On Wed, 18 Oct 2017 16:04:32 +0200, Boris Feld wrote:
> # HG changeset patch
> # User Boris Feld <boris.feld@octobus.net>
> # Date 1508322983 -7200
> #      Wed Oct 18 12:36:23 2017 +0200
> # Node ID e4c6f469eb215986ae8b1d5624c5867501462a58
> # Parent  a3110a4c8aa98ebd9fc26702eb81b9366edf7335
> # EXP-Topic config.register.fixup
> # Available At https://bitbucket.org/octobus/mercurial-devel/
> #              hg pull https://bitbucket.org/octobus/mercurial-devel/ -r e4c6f469eb21
> configitems: document the choice of using 'match' instead of 'search'
> 
> diff --git a/mercurial/configitems.py b/mercurial/configitems.py
> --- a/mercurial/configitems.py
> +++ b/mercurial/configitems.py
> @@ -74,6 +74,17 @@
>          # search for a matching generic item
>          generics = sorted(self._generics, key=(lambda x: (x.priority, x.name)))
>          for item in generics:
> +            # we use 'match' instead of 'search' to make the matching simpler
> +            # for people unfamiliar with regular expression. Having the match
> +            # rooted to the start of the string will produce less surprising
> +            # result for user writing simple regex for sub-attribute.

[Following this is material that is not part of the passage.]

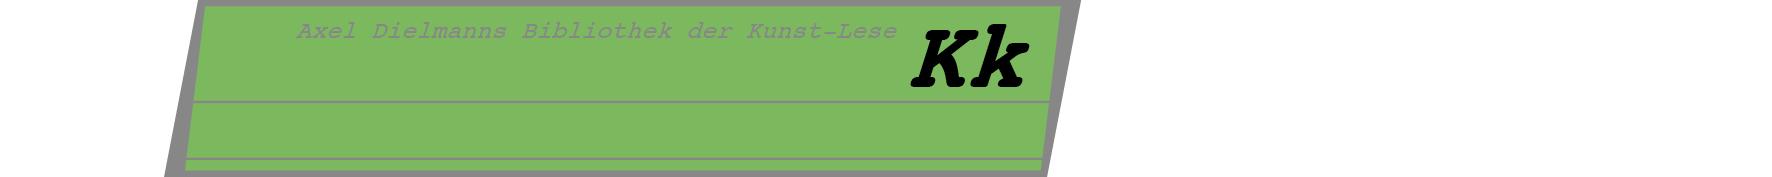 Kartei-K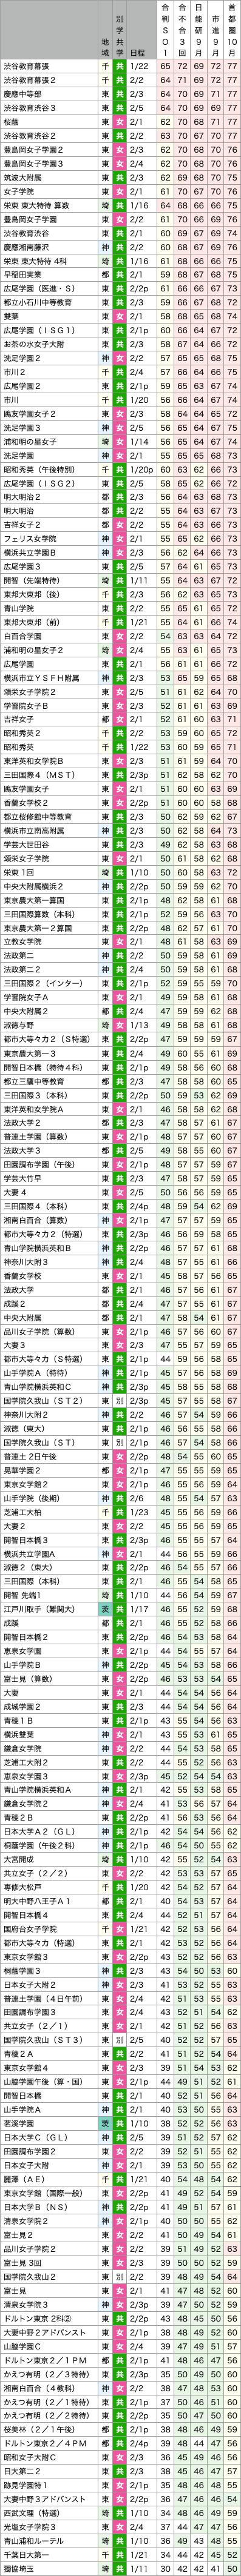 https://e-tutor.tokyo/data/20201009.png

My concern was theoretical cost of backtracking caused by '.*<suffix>', though
it would be ignorable compared to compilation cost.

> +            # For example using "color\..*" match produces an unsurprising
> +            # result, while using search could suddenly match apparently
> +            # unrelated configuration that happens to contains "color."
> +            # anywhere. This is a tradeoff where we favor requiring ".*" on
> +            # some match to avoid the need to prefix most pattern with "^".
> +            # The "^" seems more error prone.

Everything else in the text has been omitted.